Type checkers complain about io.text_encoding()

I’m sure I am doing something silly, but neither mypy nor pyright recognise that io.text_encoding() exists. Any pointers?

% python -c "import io; io.text_encoding(None)"
% mypy -c "import io; io.text_encoding(None)"  
<string>:1: error: Module has no attribute "text_encoding"  [attr-defined]
Found 1 error in 1 file (checked 1 source file)

This is because it’s not included in typeshed’s stubs for the io module: https://github.com/python/typeshed/blob/main/stdlib/io.pyi

Typeshed is the “single source of truth” for all major type checkers when it comes to the stdlib. Type checkers don’t look at the runtime code in CPython at all; as far as a type checker is concerned, if a function isn’t included in typeshed’s stubs, it doesn’t exist.
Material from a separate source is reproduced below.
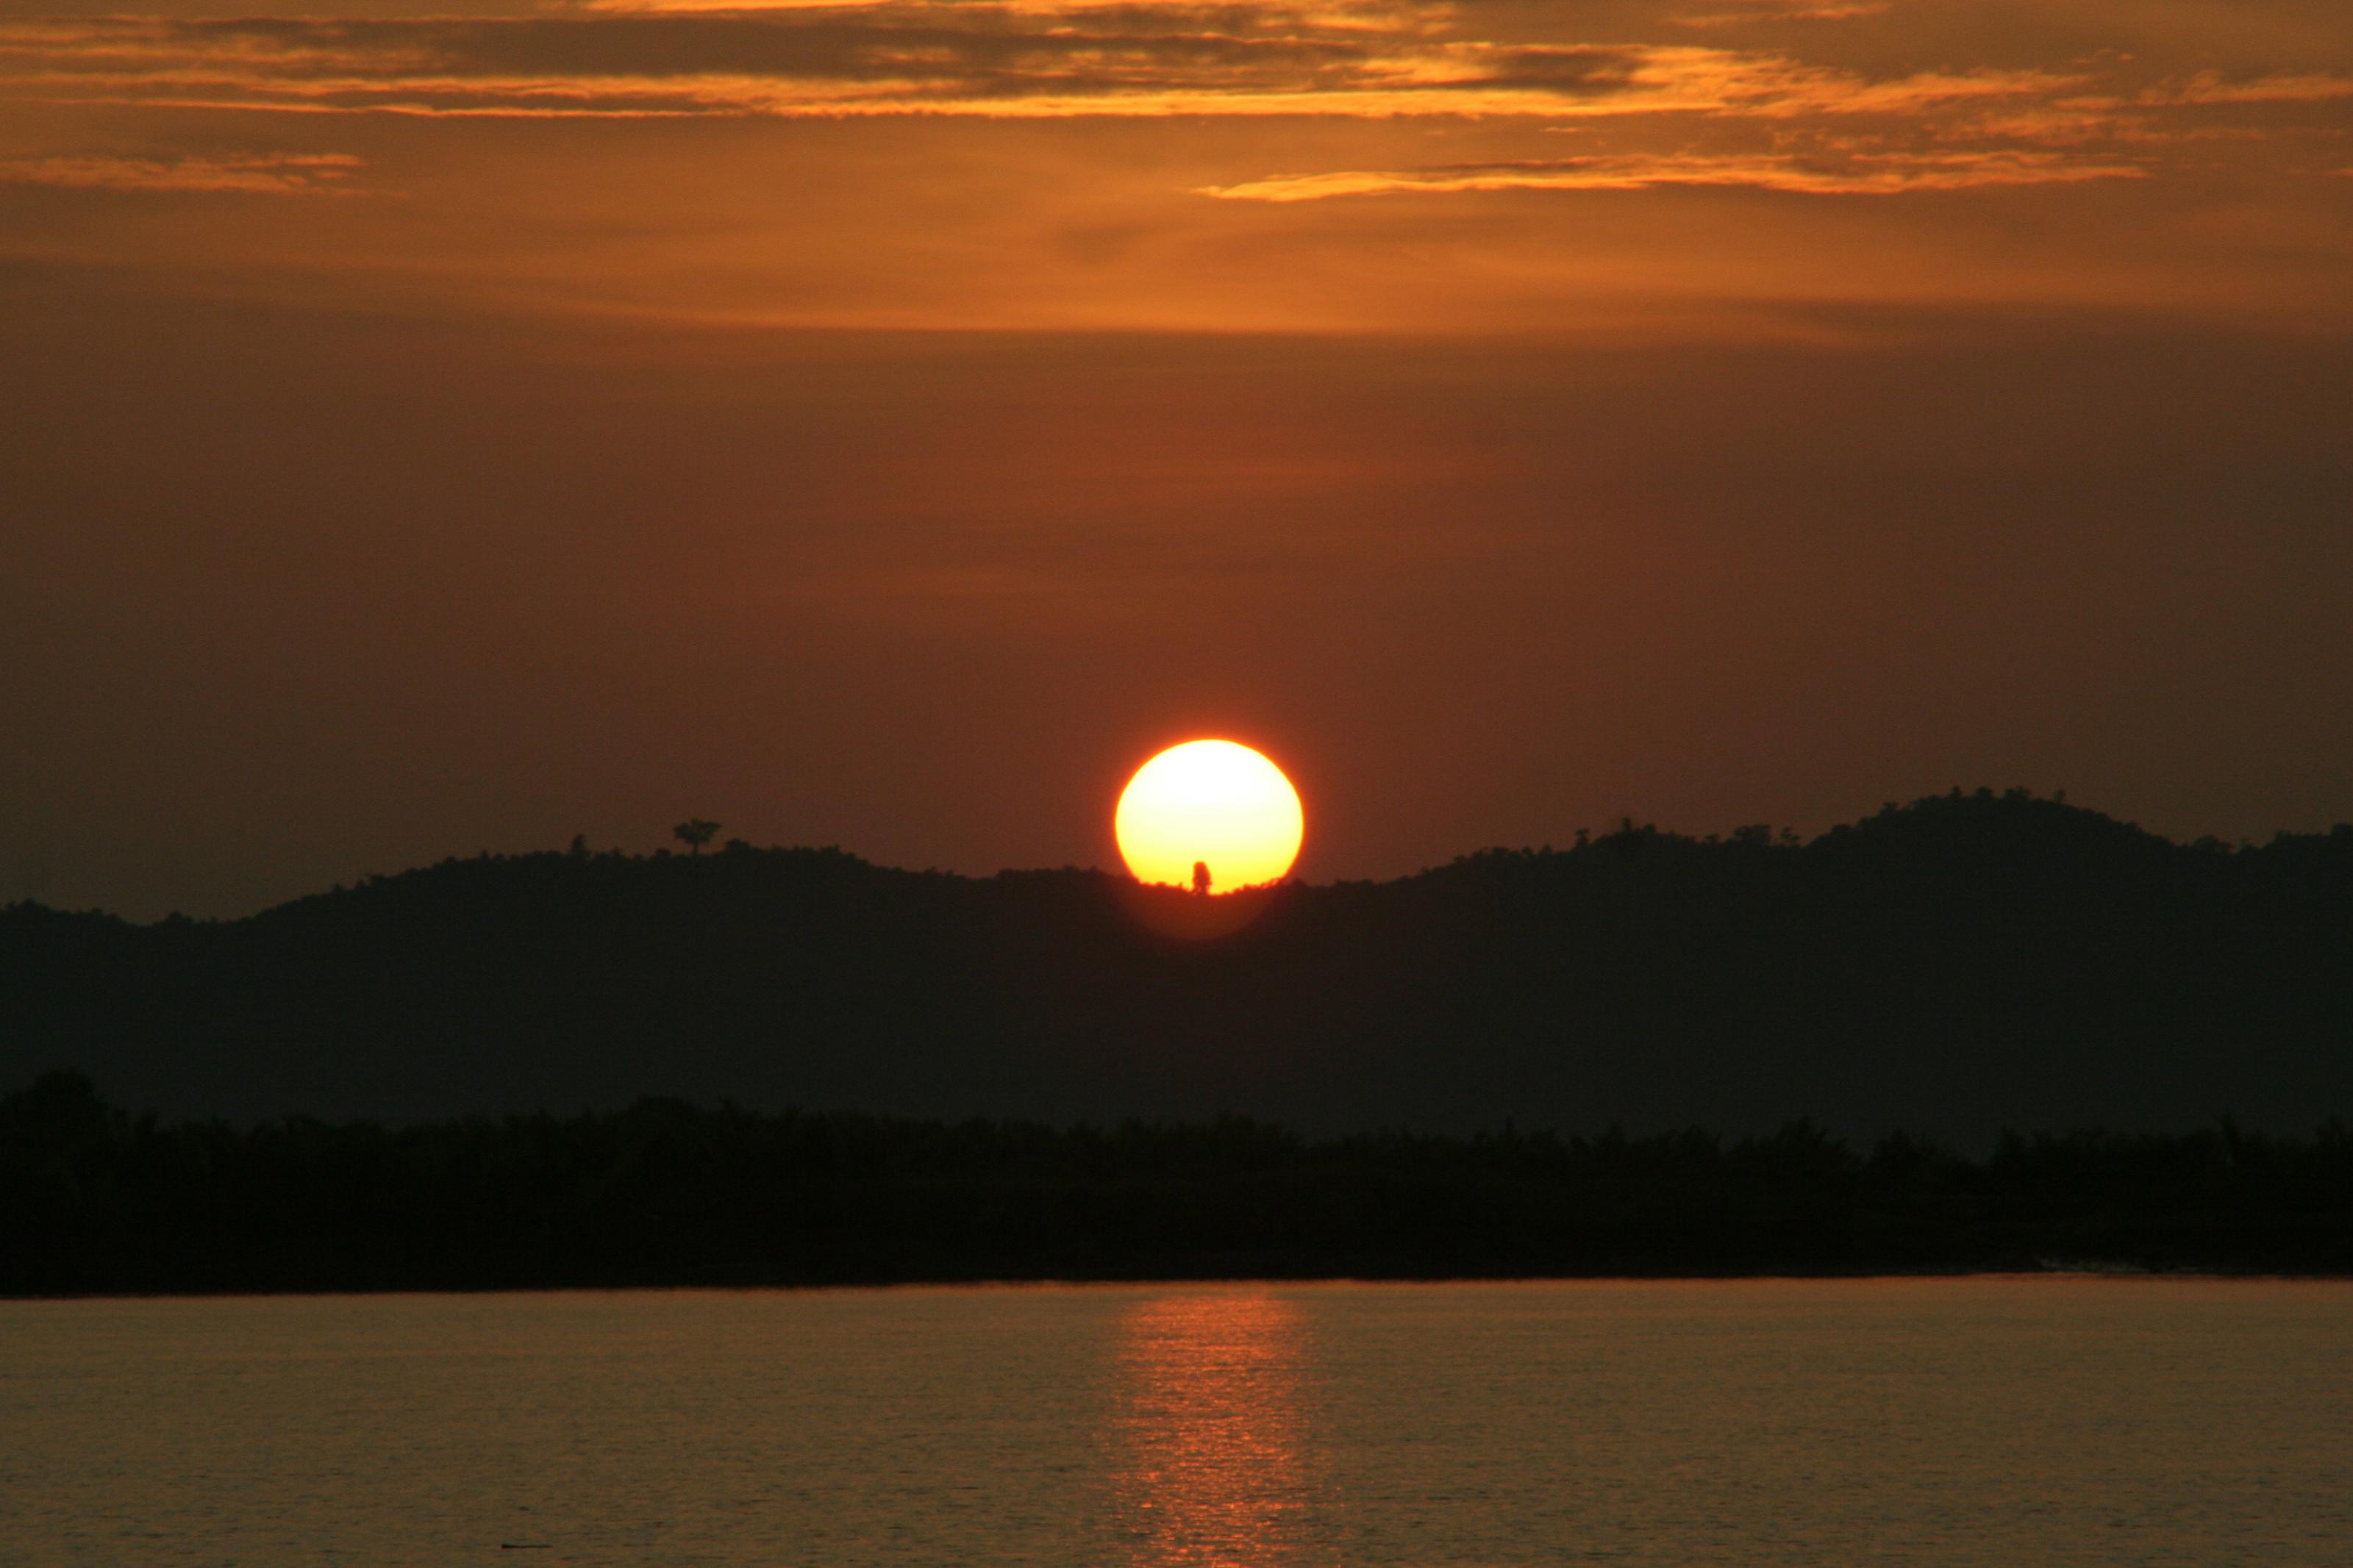 Mrauk U - sunset

In general, we only add stubs for public module members in typeshed, unless somebody explicitly asks for us to add a private module member for some reason. In this case text_encoding isn’t included in io.__all__ at runtime, so our tests probably assumed that it was a private module member that was deliberately not being included in the stubs. (In general, our tests fail if a public module member at runtime is missing from the stubs.) However, it looks like the function is documented even though it’s not present in __all__ – so we should probably add it to typeshed! PR welcome :slight_smile:

The fact that text_encoding is a documented, public module member that is not present in io.__all__ is possibly a separate bug in CPython: it should possibly be added to io.__all__

1 Like

Thanks @AlexWaygood! The type signature is fairly trivial, except that I don’t know if there’s a better way to hint that encoding is returned identically if not None:

def text_encoding(encoding: None, stacklevel: int, /) -> Literal["locale", "utf-8"]:
def text_encoding(encoding: T, stacklevel: int, /) -> T:
def text_encoding(encoding: Any, stacklevel: int = 2, /) -> Any:

That looks about right! One or two things that need to be tweaked, but nothing major:

  1. Typeshed only has stub files, so there’s no need to include a “runtime implementation”: just the two overloads will suffice.
  2. Nearly all TypeVars are private in typeshed, so that it’s clear that these are “implementation details of the stub” that can’t be imported at runtime
  3. We still support Python 3.7 in typeshed, so you’ll need to use the pre-PEP-570 method of specifying positional-only arguments in stub files, as laid out in PEP 484: prepending parameter names with __

Putting that all together, the typeshed signature should probably look like this:

from typing import TypeVar, overload
from typing_extensions import Literal

_T = TypeVar("_T")

def text_encoding(__encoding: None, __stacklevel: int = 2) -> Literal["locale", "utf-8"]: ...
def text_encoding(__encoding: _T, __stacklevel: int = 2) -> _T: ...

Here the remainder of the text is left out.